Now, I’m wondering if I can support stateful function objects, such as lambdas and functor structs with nonstatic data members. I have learned that nvstd::function cannot become a kernel parameter nor be passed from host to device according to the CUDA programming guide. What else can I do?
Do I have to resort to the void pointer to context pattern, like
using UserFunction = bool(*)(float foo, float bar, void* context);
__global__ kernel(UserFunction user_func, void * user_context) {
user_func(foo, bar, user_context);
}
You could pass callable objects via template parameter.
#include <cstdio>
template<class OP>
__global__
void kernel(int a, OP op){
int result = op(a);
printf("result is %d\n", result);
}
struct MyOp{
int i;
__host__ __device__
MyOp(int ii) : i(ii){}
__device__
int operator()(int a) const { return a + i; }
};
int main(){
kernel<<<1,1>>>(10, MyOp(1));
cudaDeviceSynchronize();
kernel<<<1,1>>>(10, MyOp(10));
cudaDeviceSynchronize();
}
Thanks! And once the stateful user function has been passed into the kernel (made it onto the device) via a template parameter, could I forward it to a separately compiled device function, possibly via a nvstd::function parameter?

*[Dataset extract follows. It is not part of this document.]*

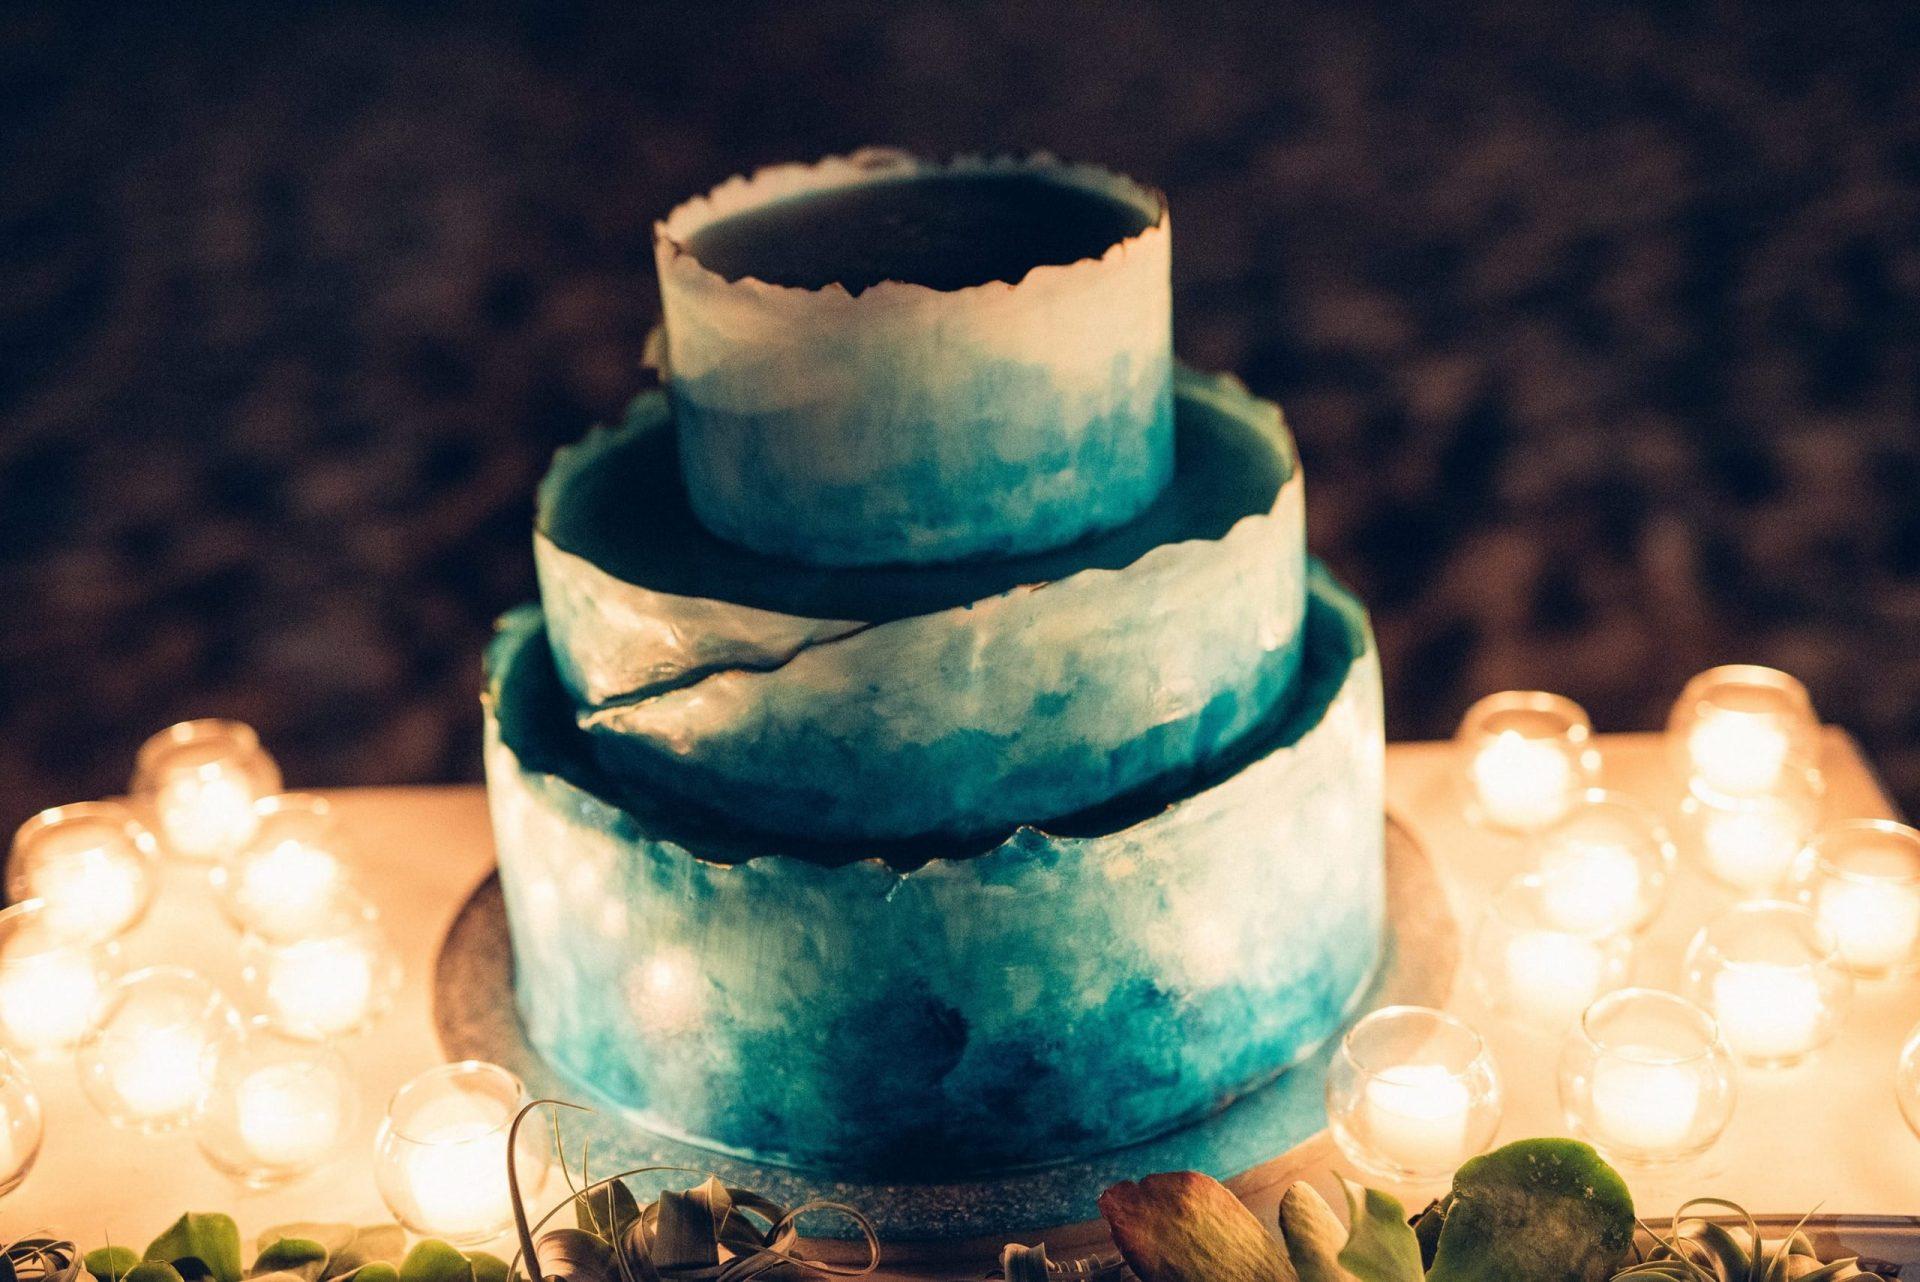 Mario and Mery, wedding cake

functors and lambdas can both carry “state” and be passed to kernels. Every C++ lambda by definition has a unique type signature (this is not unique or specific to CUDA). I think it should be possible to create a specific type signature of a functor and use that with or without templating, if desired, and/or with nvstd::function.
If you want to jump through hoops it may be possible to use nvstd::function in device code with lambdas. As already indicated, some utilization of templating will be necessary, probably.

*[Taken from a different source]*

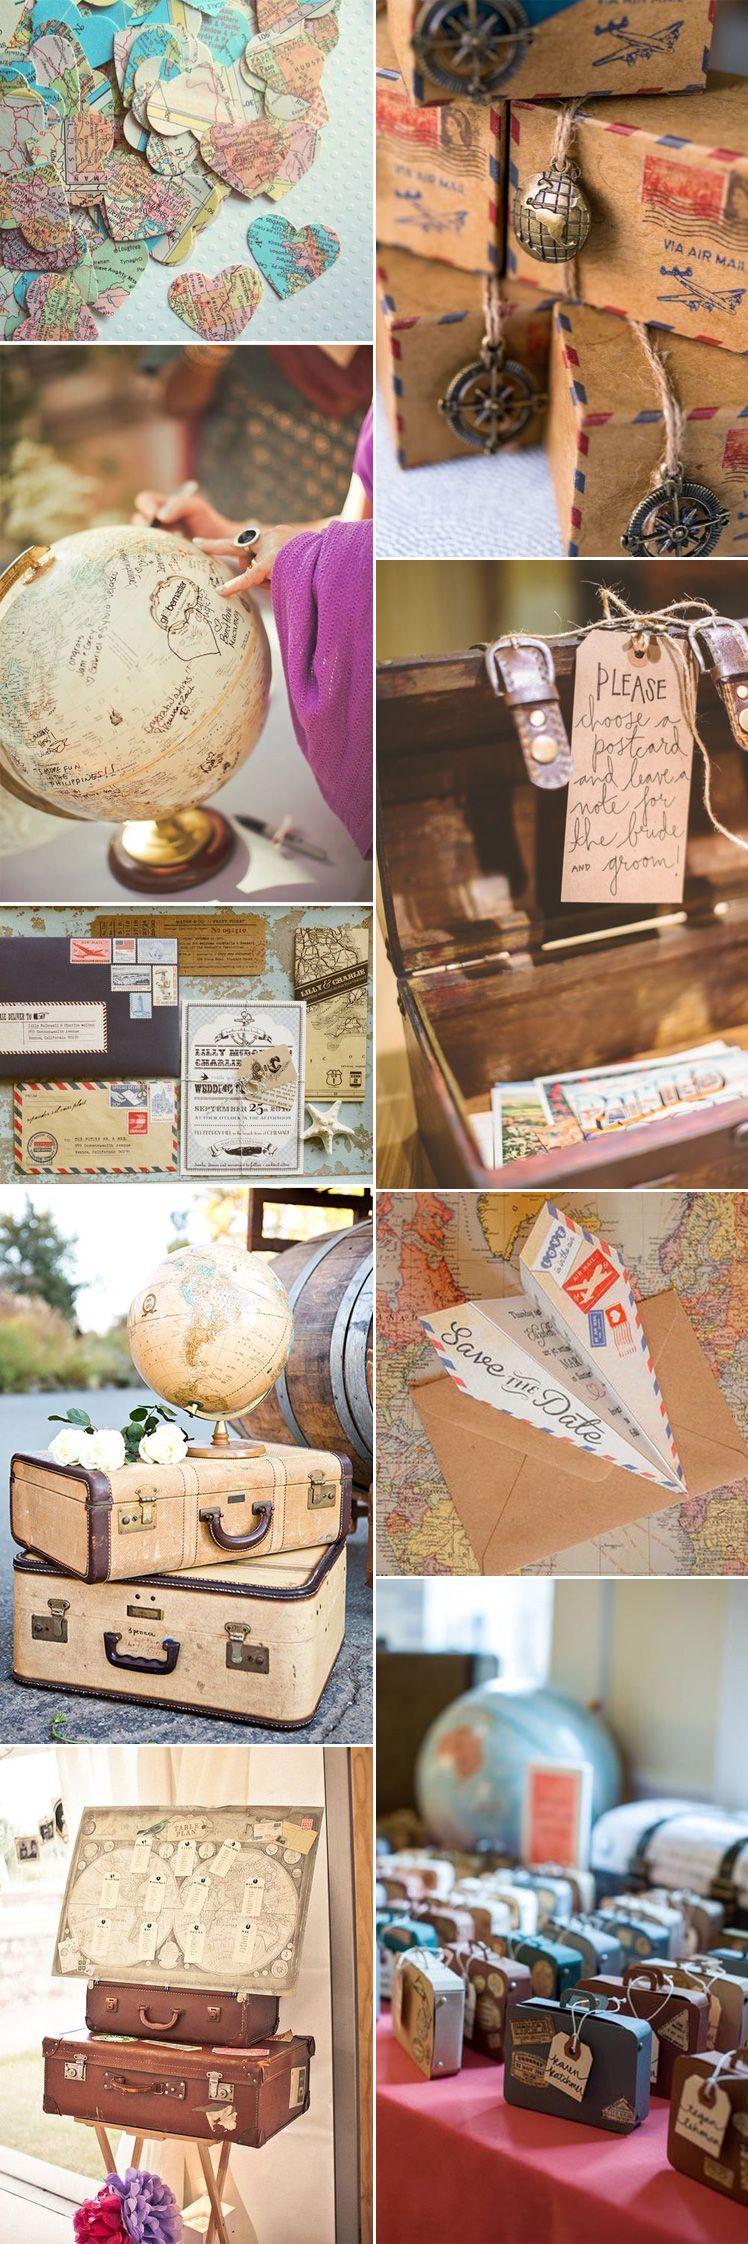 vintage travel wedding theme ideas | mariages, deco mariage et

I experimented a little and found what I suggested to be feasible, aka passing arbitrary functors into kernels through template parameters, but then forwarding the functor to another, separately compiled device function through a nvstd::function parameter. This is shown below.

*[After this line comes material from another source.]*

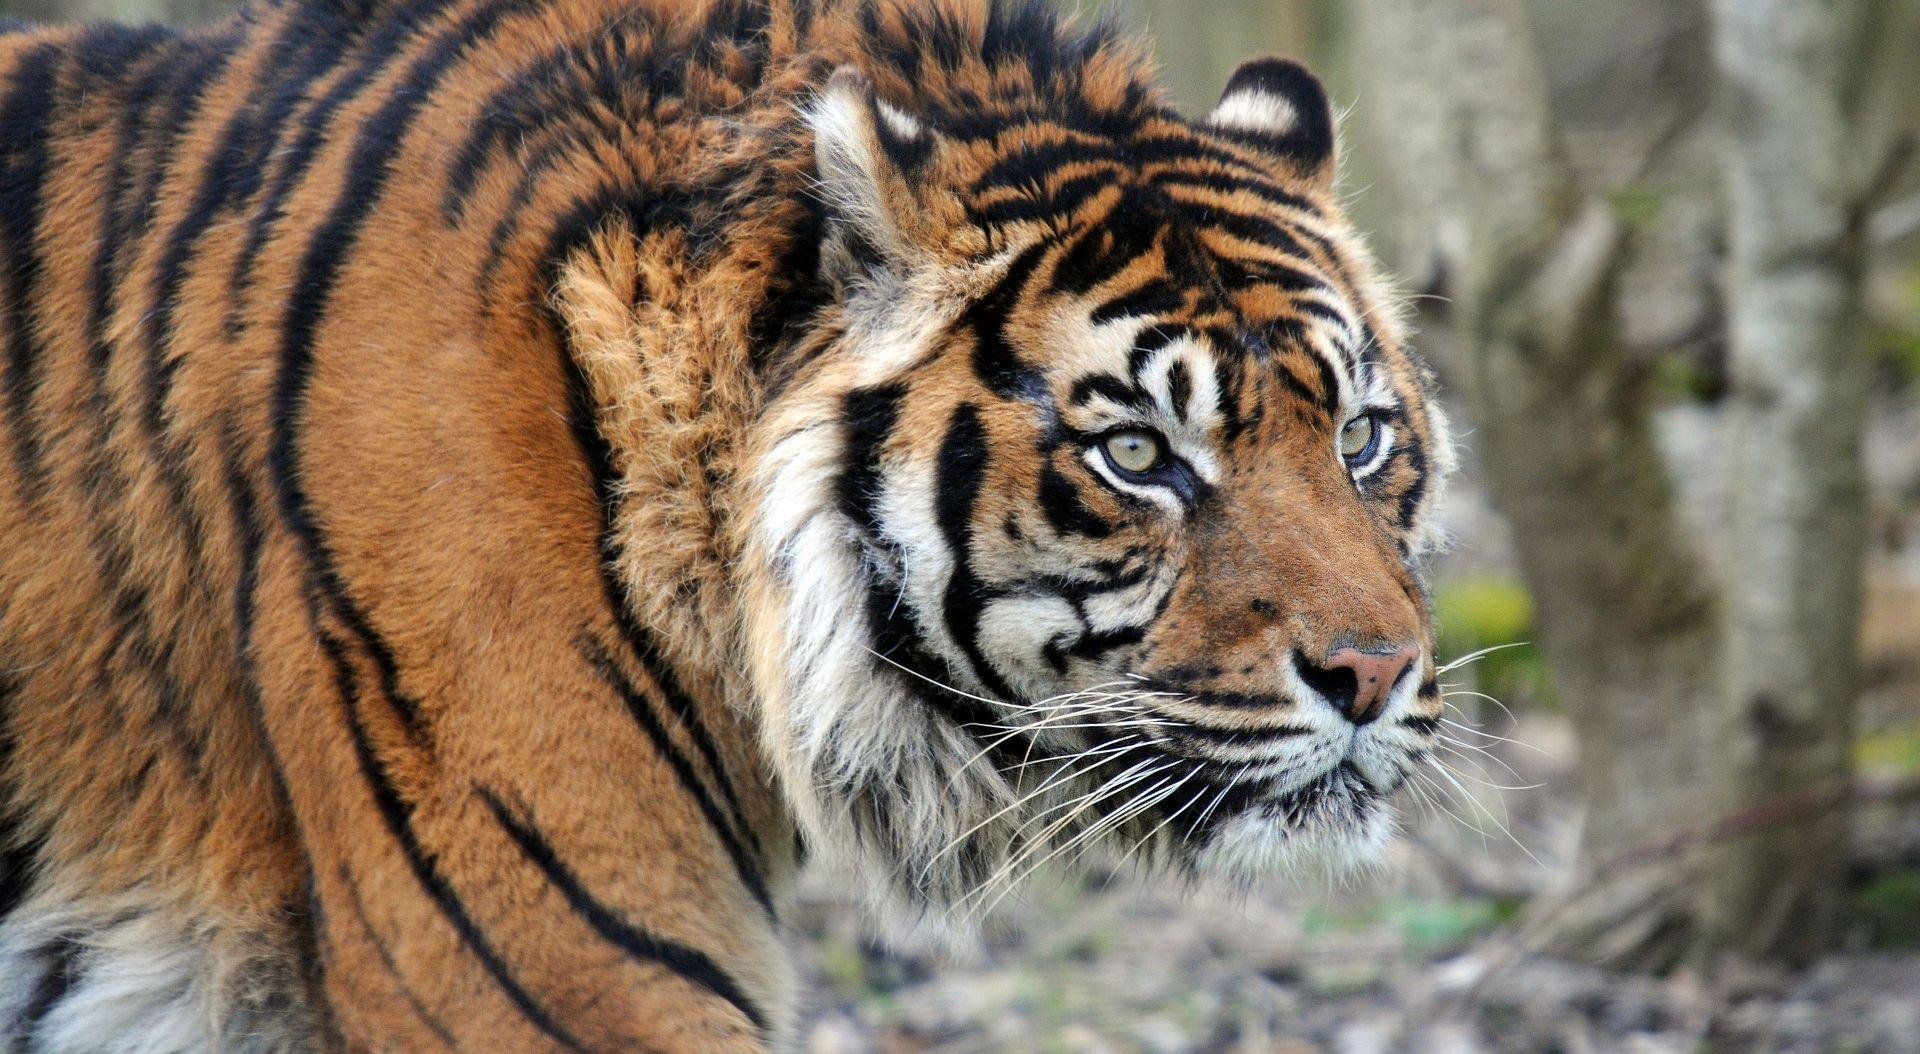 Tigrovi na slobodi blizu nizozemskog sela

// This could be separately compiled into a static library
__device__ float ClampedBinaryOp(nvstd::function<float(float, float)> func,
float lhs, float rhs, float lb, float ub) {
return min(max(func(lhs, rhs), lb), ub);
}
// This would live in a header
template <class OP>
__global__ void Kernel(OP op, size_t len, float const* lhs, float const* rhs,
float lb, float ub, float* result) {
if (auto tid = blockDim.x * blockIdx.x + threadIdx.x; tid < len) {
result[tid] = ClampedBinaryOp(op, lhs[tid], rhs[tid], lb, ub);
}
}
This appears to satisfy my intention to do type erasure as soon as possible past a templated interface, just like how the renowned fmt library lets the generic fmt::format call down to the compiled fmt::vformat for heavy lifting. Please let me know if my approach is incorrect or inefficient.
Thank you @Robert_Crovella, your StackOverflow post answered several questions I have about nvstd::function, so can I conclude that:
nvstd::function or references to which cannot be used in the parameter type of a __global__ function,
Pointers to nvstd::function, allocated on device, can be used in the parameter type of a __global__ function,
(tricky part) The pointee nvstd::function must be assigned a target inside a kernel — no cudaMemcpy\w* function can do the same thing?